I enjoyed work with Facebook’s fastText (https://github.com/facebookresearch/fastText) library and its R’s wrapper fastrtext (https://github.com/pommedeterresautee/fastrtext). However, I want to spend some more time with StarSpace library (also Facebook’s library for NLP). Unfortunately, there’s no R package for StarSpace!

It’s quite surprising because I there are thousands of packages. Nevertheless, this one is missing. In the end, I decided to write my wrapper - https://github.com/zzawadz/StarSpaceR.

I had some problems with compilation because of dozens of compiler flags which must be set before compilation. I think that for the first time I had to use custom configure script to set up everything paths, flags and so on. The good thing is that in the configure script you can just simply run an R script to do all the job.

I also use some code from fastrtext. The author had a brilliant idea to include a custom header with some macros to change fastText behavior, like redirect streams to the R console, rename the main function to pass CMD check and so on. If you are interested, check his code here: https://github.com/pommedeterresautee/fastrtext/blob/master/src/r_compliance.h.

The current version only supports loading model to the memory and extracting words embeddings for a set of words. Check the example below: .

# library(devtools)
# install_github("zzawadz/StarSpaceR")

# There's simple, pretrained model included in the package.
modelPath <- system.file(package = "StarSpaceR", "exdata/model_class")
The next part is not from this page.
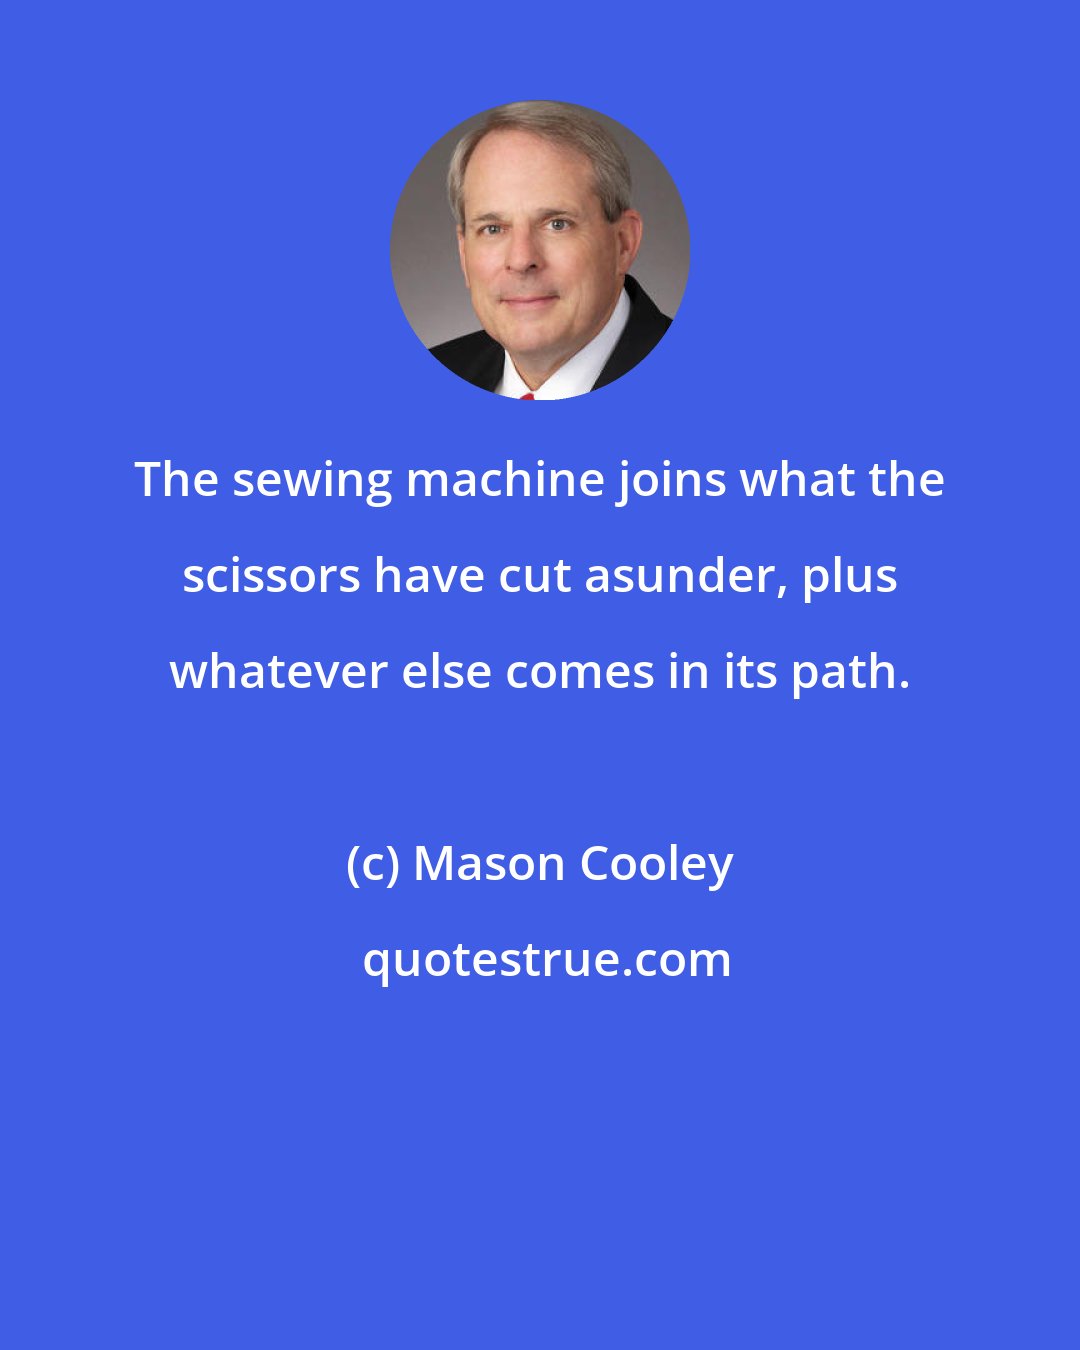 Mason Cooley: The sewing machine joins what the scissors have cut asunder, plus whatever else comes in its path.

model <- ssr_load_model(modelPath) # load model to the memory
model$get_vectors(c("words", "topology")) # get word embeddings

#                 [,1]         [,2]         [,3]        [,4] ...
# words    -0.00479455 -0.002737640 -0.000592433 -0.00318651 ...
# topology  0.00753618  0.000651733 -0.012981600 -0.01609830 ...

If you have any comments or ideas reach me on Twitter (@zzawadz) or fill an issue on Github (https://github.com/zzawadz/StarSpaceR/issues).


Be cautious. There’s a big problem with the package. An attempt to get the word not present in the dictionary may cause the fatal error and a crash of the whole R session. I will be examining this problem in the meantime (I think it’s a great way to learn all the internals!), but you are warned:) Do not use this on the production!

# Not run
# model$get_vectors(c("wor"))